She can't really hear what he says, but she does hear the gunfire. She hears a whoop of elation as he rides up a wall, dodging with ease.

And she hears the explosion. She feels it shake her cocoon. She sees fire. Red and orange, too bright, unreal. Her heart is going too fast, the monitor tells her, though she can't feel it. The roar in her ears has nothing to do with the sound outside.

His skates are mangled metal. She can still see a bright green light pulsing on one of them.

Just her, an impenetrable wall. Safe and swaddled.

" _L_ _ú—_ "

She yells herself awake.

 Her room is filled with sunlight. It's probably eleven or so. She remembers waking up at six, checking the clock, and passing out again. She should have gotten up then. The dreams are worst when she sleeps in.

Her heart is pounding. She's having trouble breathing.

The sheets are hopelessly tangled around her legs. She struggles for a few long moments before extricating herself. She just made the bed yesterday, and now she'll have to make it again. She idly entertains the idea of inviting Satya over before she just decides to bite the bullet and do it herself. Putting her room in order will put her mind in order.

Her water bottle is on her nightstand, accompanied by various containers of medication. She ignores the latter and drinks and drinks until she has to come up for air. When her throat isn't so dry, she eyes the bottle and dumps the remaining water over her head.

It helps a little. She towels herself off with the sheet and pushes her damp hair out of her face. Her heart is still stuttering along, but she forces herself to breathe.

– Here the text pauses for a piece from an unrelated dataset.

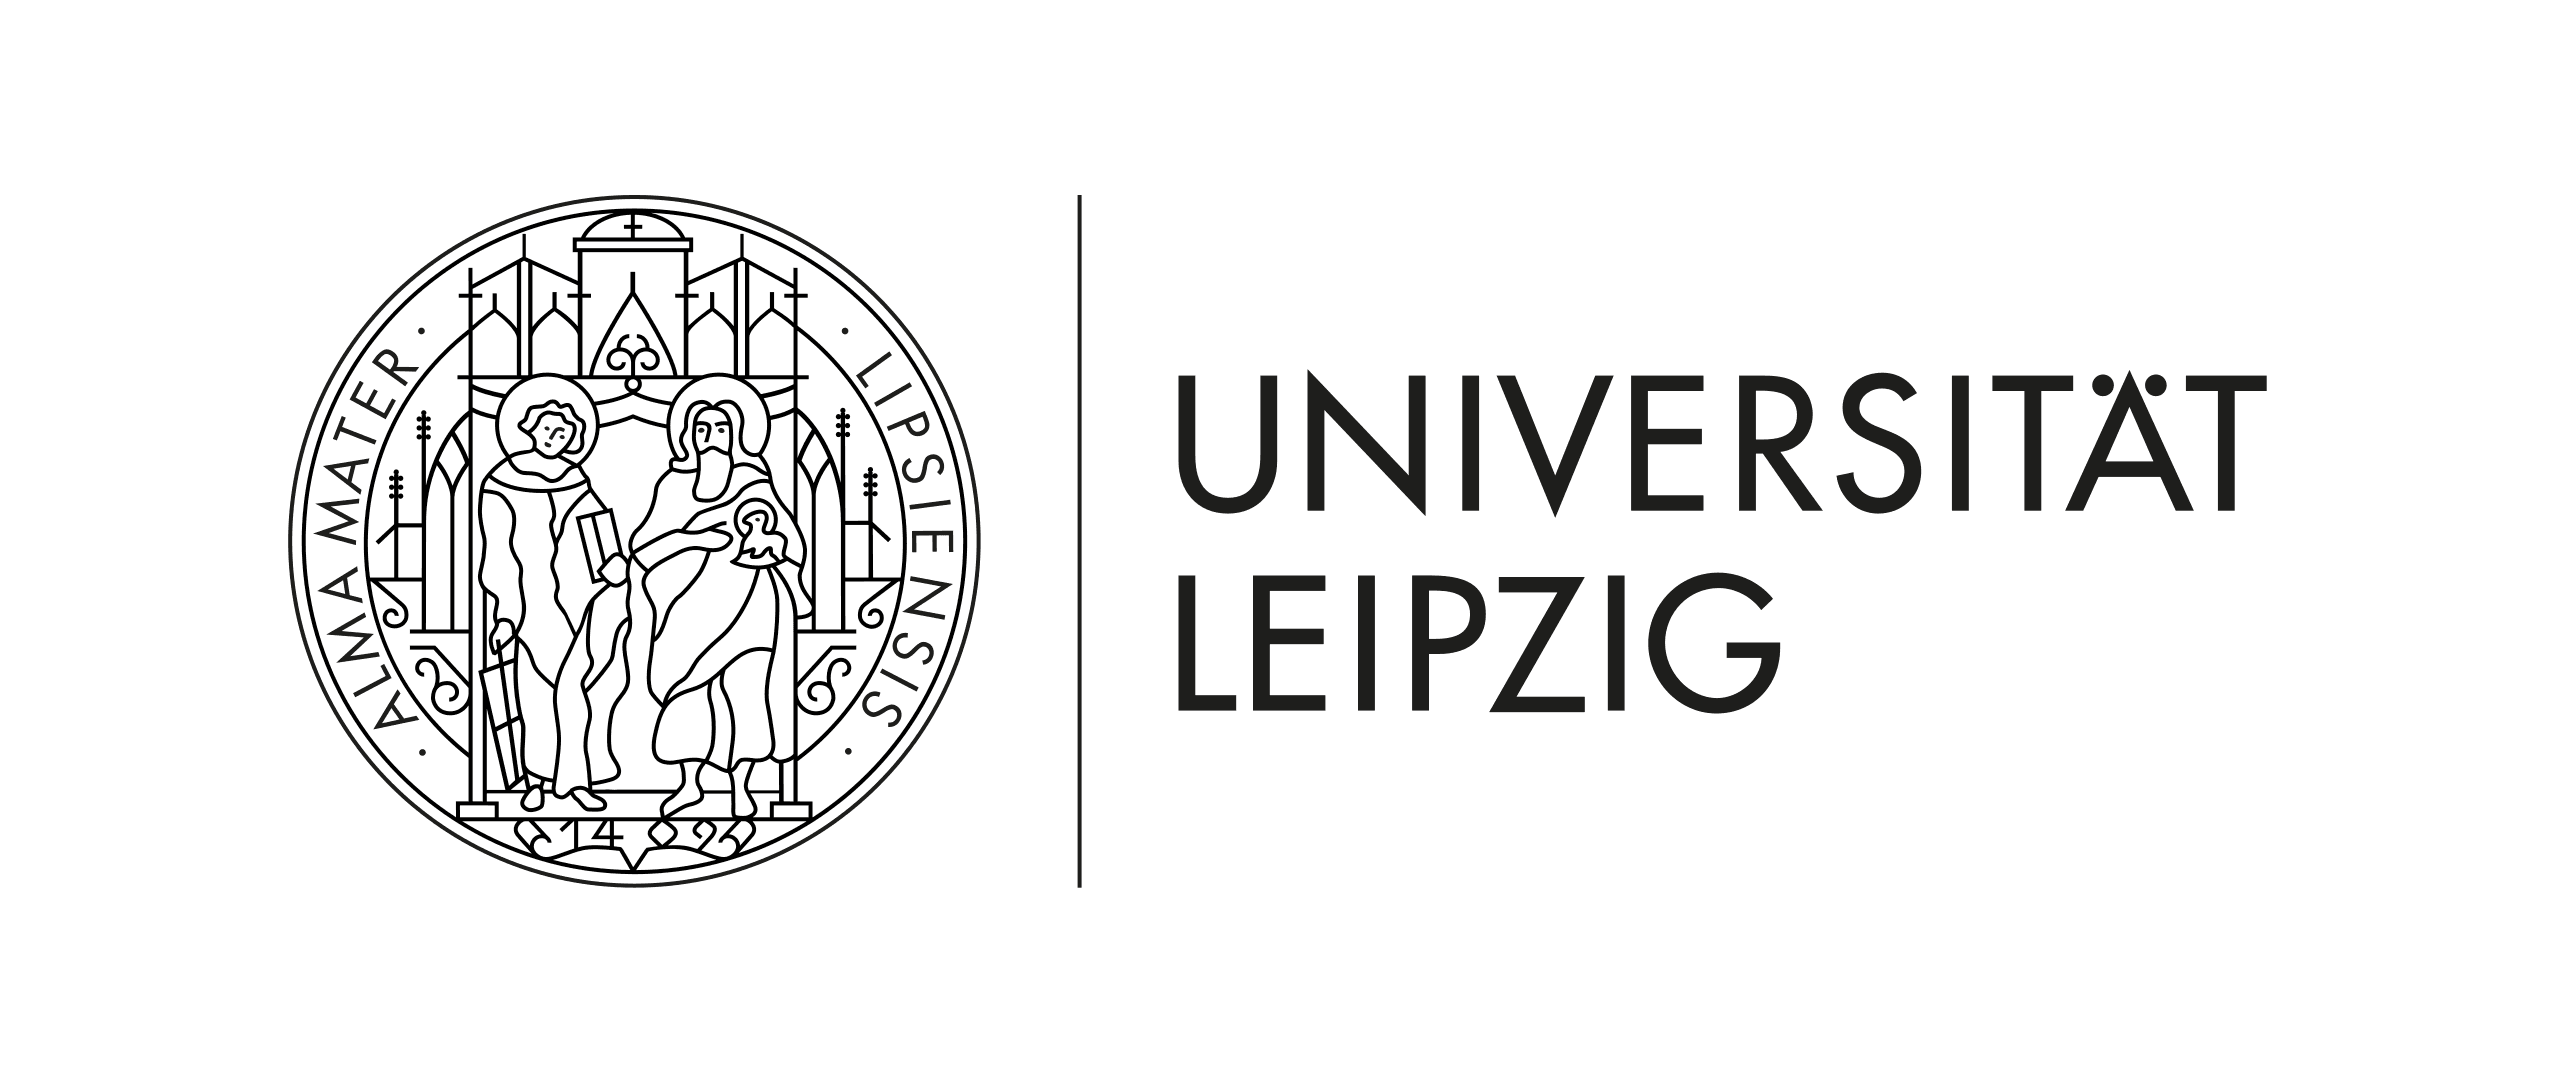 leipzig-university-60841c997b-cover-picture
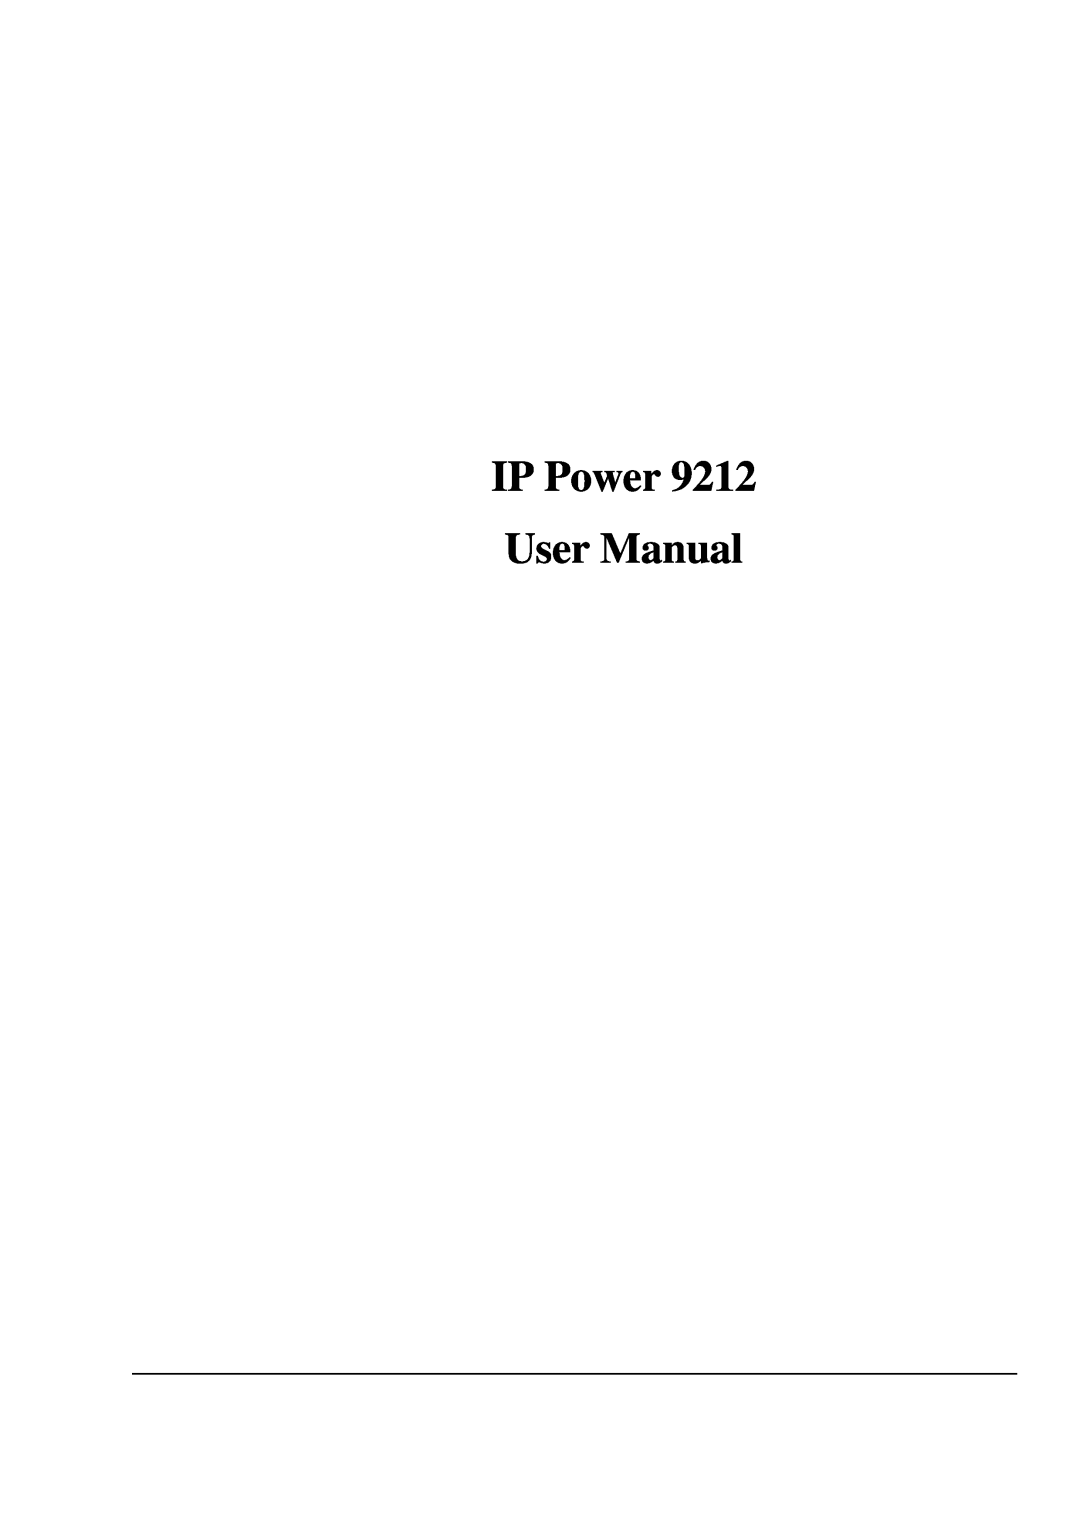 New Media Technology 9212 manual IP Power, User Manual

After several minutes of overwhelming silence and air whooshing in and out of her lungs, she sighs and reaches for her phone.

Athena's welcome tone is bright and cheerful. Her Korean is welcome but bittersweet, sounding like home.

"Good morning, Agent Song. It is eleven thirty-seven on October third. The weather is eighteen degrees Celsius and partly cloudy. Would you like to hear your—"

There is a ripple of static and the AI's tone changes.

"Your vitals are registering abnormal levels. Do you require medical attention?"

" _No._ "

Hana clenches her fist in the sheet, forces herself to breathe for a few more seconds, and gets out of bed. She should probably wash the damp cloth before putting it back on, but she can't be bothered. She goes about making her bed, trying not to think about fire and melted metal.

"Very well."

Hana feels immediately guilty. There's no point in taking it out on the AI. She's just doing her job.

"Sorry, Athena. Shouldn't snap."

"That's quite all right, Agent Song. Would you like to hear your morning debrief?"

"Yeah, go ahead."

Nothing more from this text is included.